When an IRB coordinator learns of a faculty member who is not instructing students to submit research for IRB review, it’s best to take a diplomatic approach in dealing with the instructor, Cavendish says. "The first step is an informal call and meeting with the chair of the IRB," Cavendish suggests. "The chair would meet with the person and explain the IRB requirements, and I think probably a majority of faculty at that point would say, OK, I don’t like it, and I don’t agree with it, but I’ll at least do it.’"

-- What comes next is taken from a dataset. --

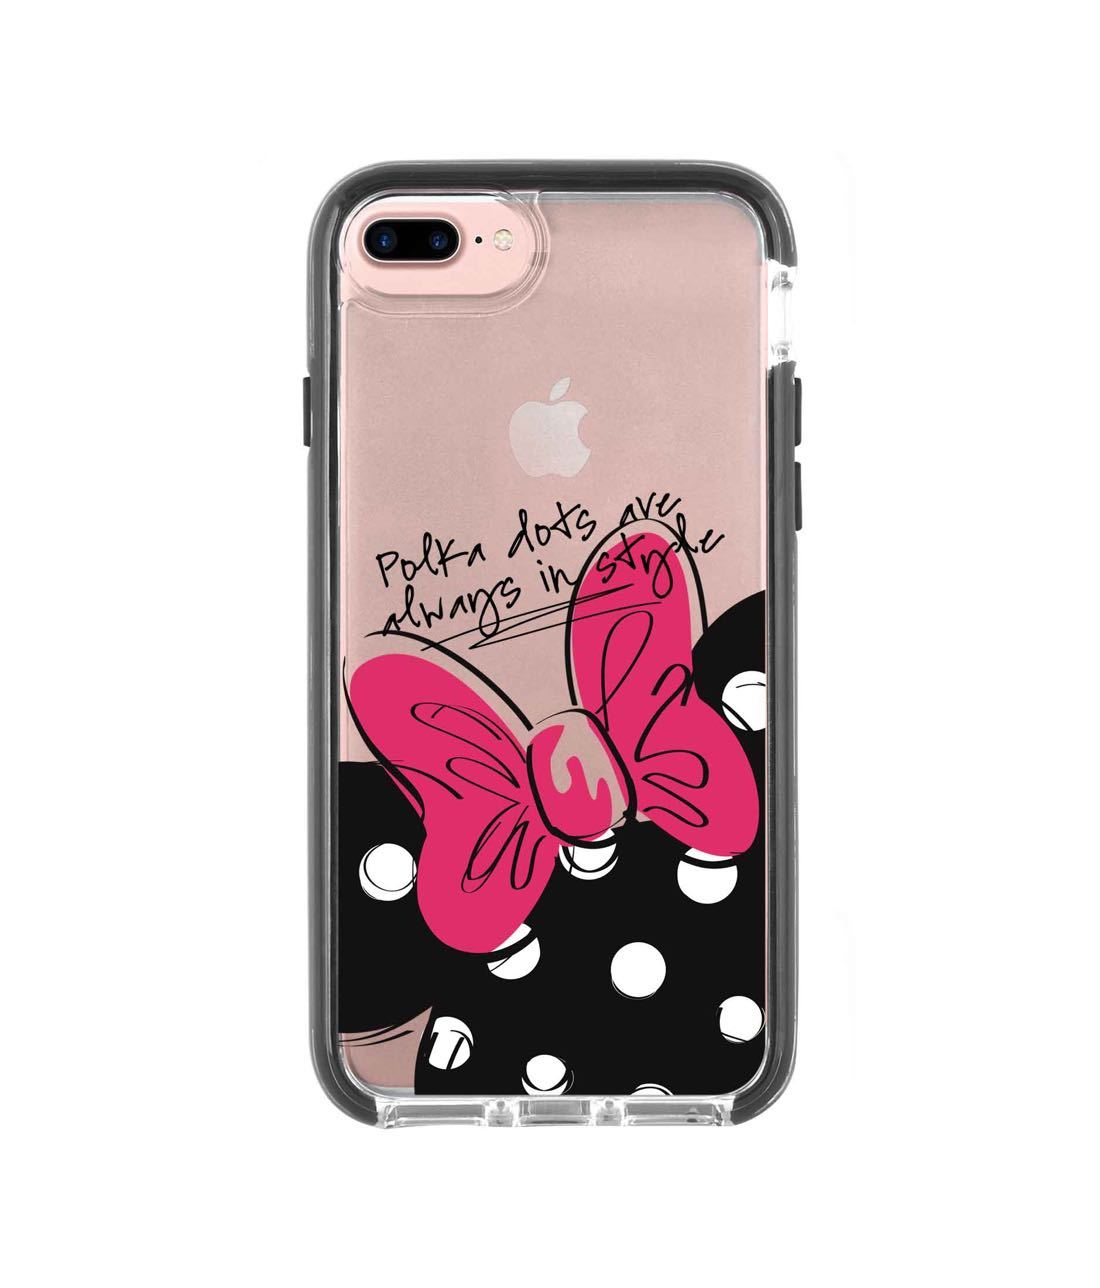 Polka Minnie - Extreme Phone Case for iPhone 7 Plus

A good, nonthreatening approach would be to tell the faculty member: "This is something you probably never thought about, and it’s new to all of us, but things have changed generally and at this institution, and here’s how it affects you," Cavendish says. It also might not hurt to mention that if the university is sued over a student’s research project, then the faculty member likely will be named in the lawsuit, as well, he adds. "There have been lawsuits where, for example, a student took a survey in a public school that was offensive to parents and the parents had not given permission," Cavendish notes.
Some universities and IRBs might take the whole process a step further and require all faculty advisors to students conducting research to be named the principal investigator, but this is not necessary.